Maybe ill get one for julie's room!!!
money tight after xmass but going to try and get it next weekend .


----------



## conix67 (Jul 27, 2008)

You mean UPS (uninterruptible power supply) for PCs? That would work but you want to budget its power capacity vs your power needs. I assume you need to keep power heads and heaters running in case of power outage, but running chillers on top will be very power hungry and typical system for personal computers will not be able to sustain operating your tank for extended power outage.

UPS systems are not meant to replace power source, rather they are safeguard in that they will supply enough power to run your system to save all work and shutdown the system safely.

I'm sure there are systems available for fish tanks but considering those are rare, they are probably custom made thus pricey.


----------



## blossom112 (Mar 19, 2008)

we thautght of that .. but would just use it to run the pump and monitor everything else .
Without flow death so thats our main concern .


----------



## blossom112 (Mar 19, 2008)

ok finally 
day 1 ........... we added the packet from the live sand and 3 frozen raw shrimp ,I cleaned the spagetti rock and put it in (too much extra I shall save )
So at least 5 weeks and waiting ............I cant wait to pick some live rock from quang's .

I closed down the 5gl tank as i need it ready for the new shrimp coming .
and as soon as i get it cleaned i will start a FW cycle (with used media from my other tank)
I will try and figure out my phone picture thing and get pictures up (I hope)

bedtime


----------



## blossom112 (Mar 19, 2008)

OMG my friends hubby woke me earily and off to fish stores all day .

I actually caved and got 2 blue tangs and tomato like clown .........only cost me 70 bucks awesome deal no tax


----------



## blossom112 (Mar 19, 2008)

It looks like my clown has whiskers 2 on each side and he made a beeline right to the anemone ,and is so happy he is flapping his fins like crazy just funny to watch .
OH i have to go get my friens to help me get pictures up its awesome!


----------



## conix67 (Jul 27, 2008)

sounds like you got a very good deal there.
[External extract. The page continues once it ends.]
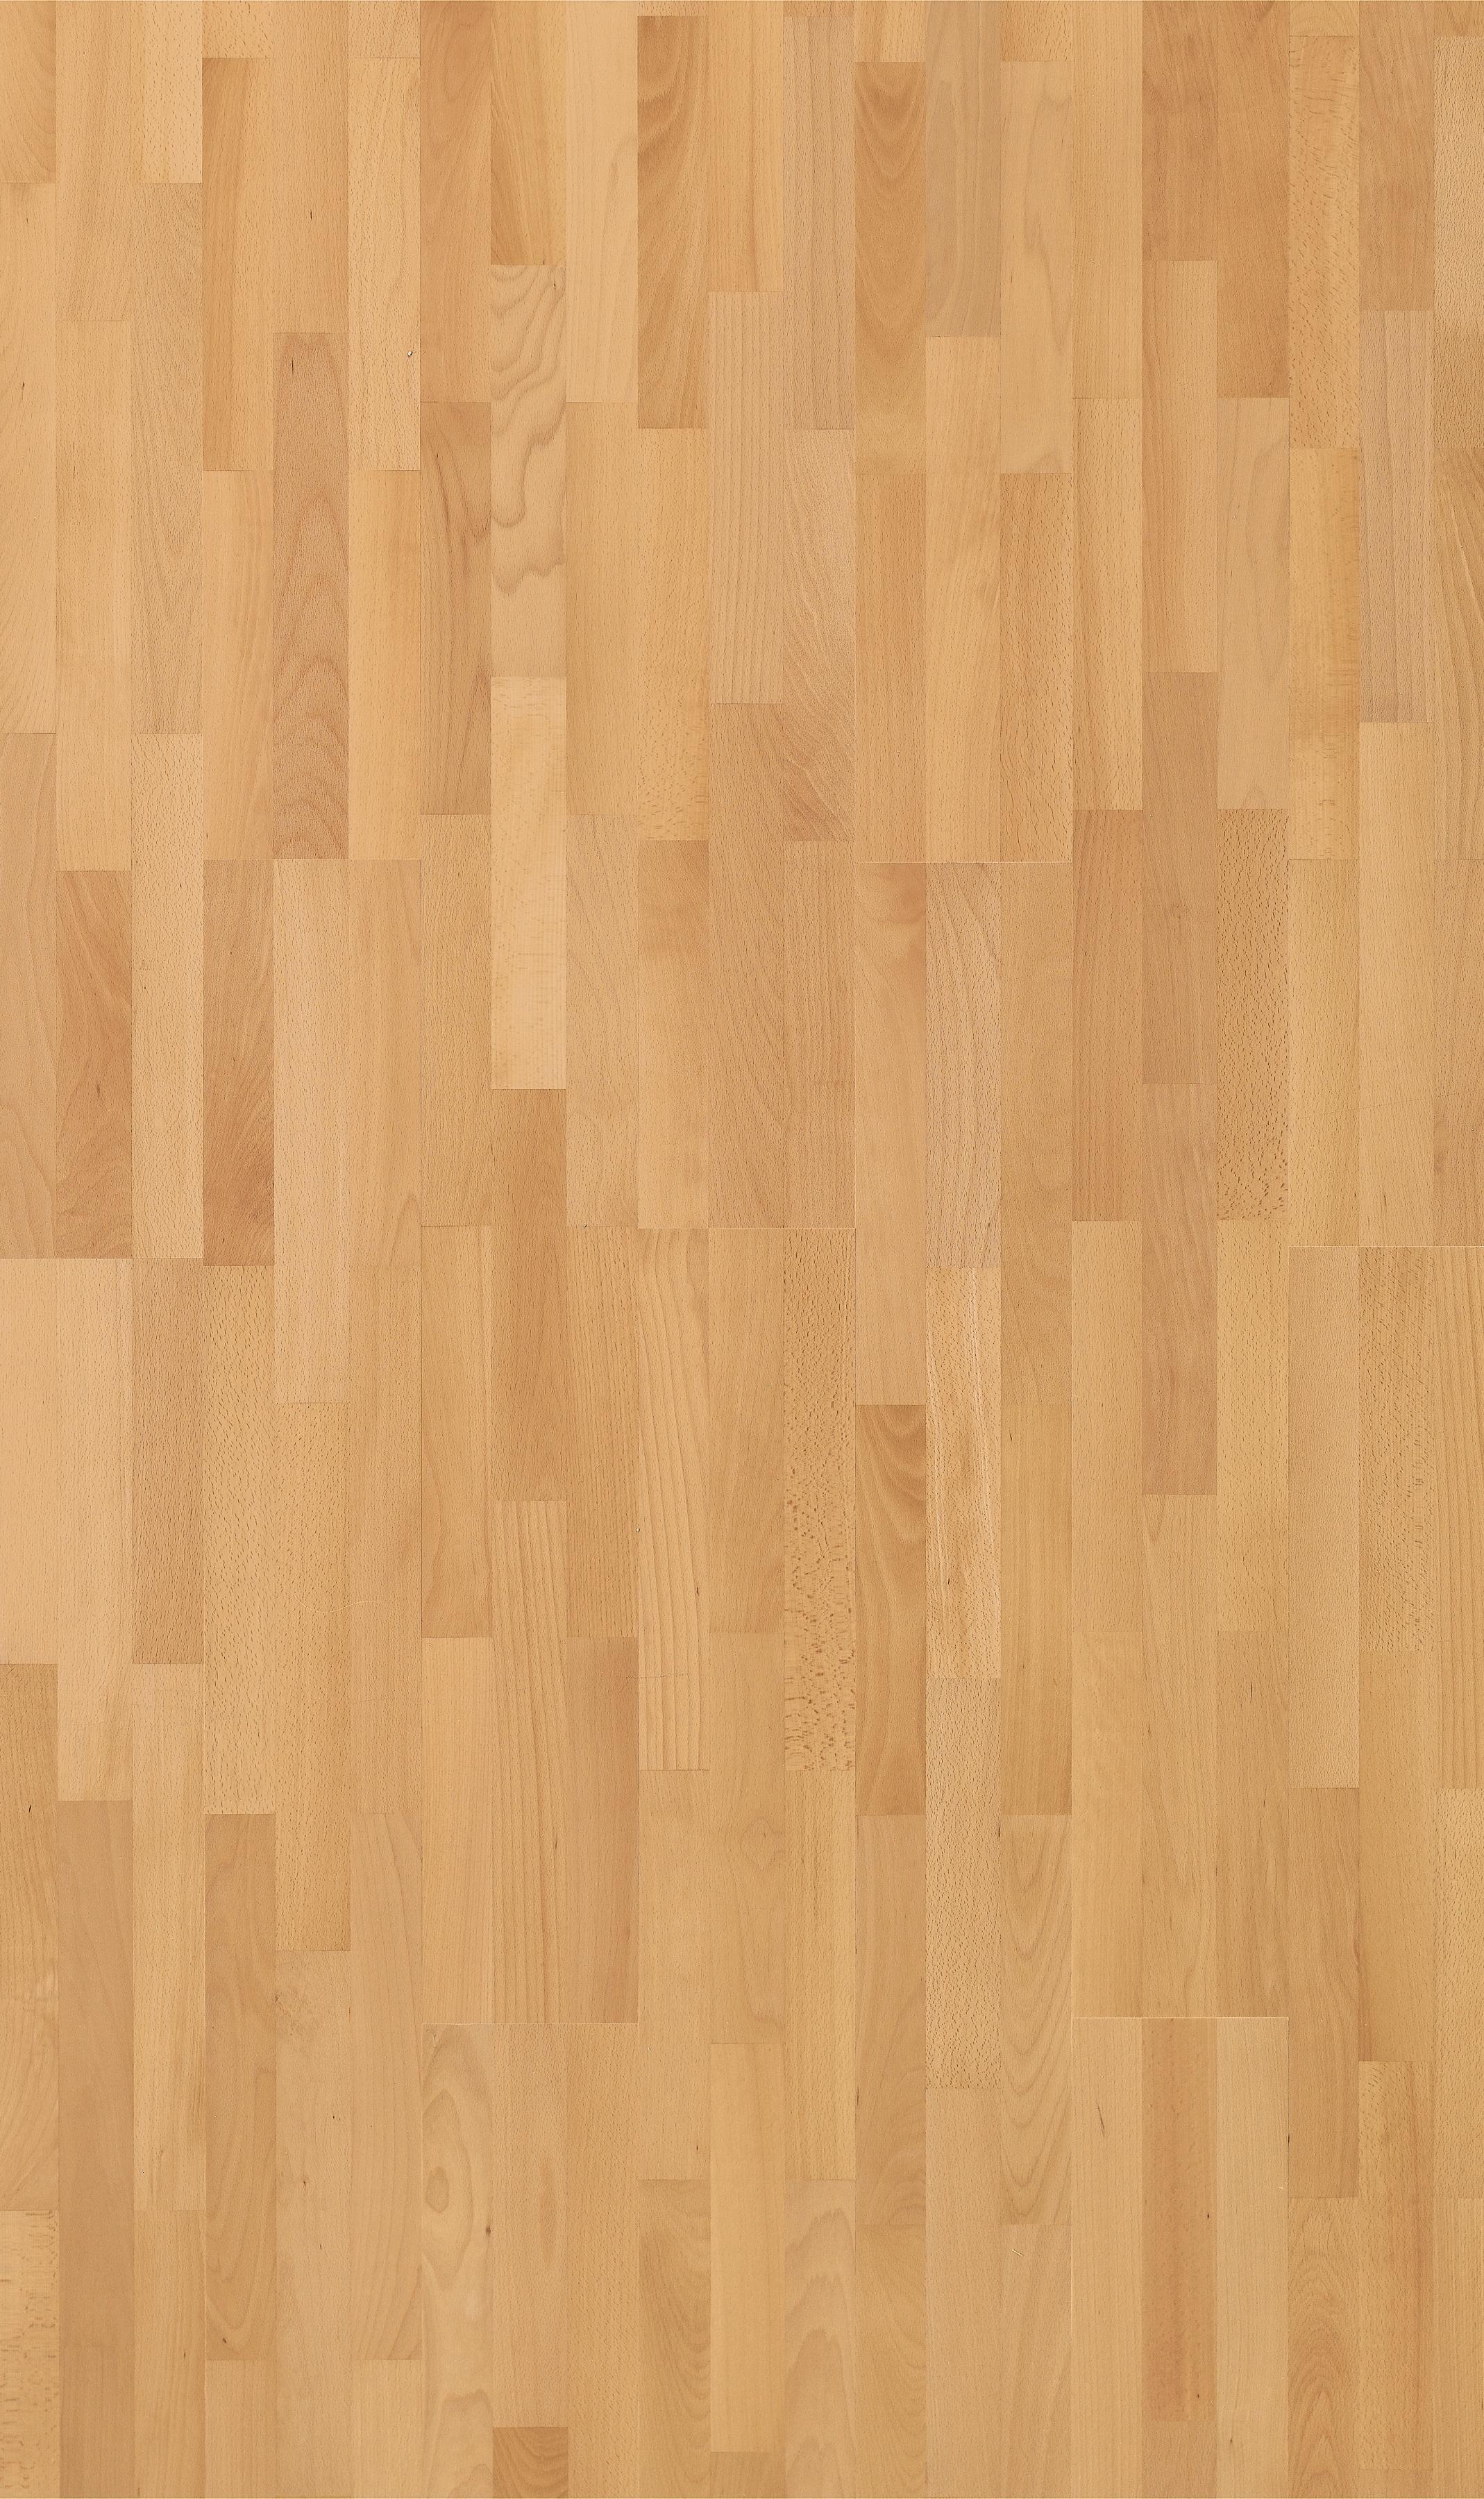 PARADOR Parkett »Classic 3060 Natur - Buche, lackiert«, 2200 x 185 mm, Stärke: 13 mm, 3, 66 m² | Baumarkt > Bodenbeläge > Parkett | Braun | Buche - Lackiert | PARADOR

Which store did you go to?


----------



## hojimoe (Mar 7, 2008)

conix67 said:


> sounds like you got a very good deal there. Which store did you go to?


It's a secret, but I know 

thanks for the frag blossom!


----------



## blossom112 (Mar 19, 2008)

lol .....your welcome 

its on sheperd and brimley ill get the address after 
I think i posted last year .


----------



## blossom112 (Mar 19, 2008)

oh my goodness here i thaught i had 2 blue tangs rolmao
We actually have 2 hippo tangs of the lighter blue

http://fins.actwin.com/species/index.php?t=9&i=128

now to find the type of clown i have 
ok i found it 
we have a type of Maroon Clownfish ... we got the clarkiis back and now the color it perfect


----------



## blossom112 (Mar 19, 2008)

Well today i am not happy .....both tangs are dead .
but the tang survived .
So time to think something is up with my tank the only fish that live is clowns .
next weekend we shall go to quangs for some new LR and hope no fireworms .
IM SAD WAAAAAAAAAAAAAAAAAAAAA


----------



## hojimoe (Mar 7, 2008)

what?! oh boooooooooo

any idea what/if something killed them? or where they just laying around dead?


----------



## blossom112 (Mar 19, 2008)

honestly i think it was the fireworms .
as at night they wedge flat for sleeping and my guess the firewors got it .
It s too bad because I have had this rock a very long time i dont know how they got so infested .
i need to figure a way to get critters from the rock and put into another tanks b4 i kill this rock .
without getting the worms lol
We got a bottle of superbac to cycle the tank in 4 days .
I will move the survivor to the new tank after that and then start taking LR out .grrrrrr gonna have to frag all my corals they have them too lol
What a pain
the fireworms are eating it as we speak............


----------



## Tabatha (Dec 29, 2007)

I'm sorry to hear about your tangs however, they're not suited to nano cubes, they need a lot of swimming space, 70g!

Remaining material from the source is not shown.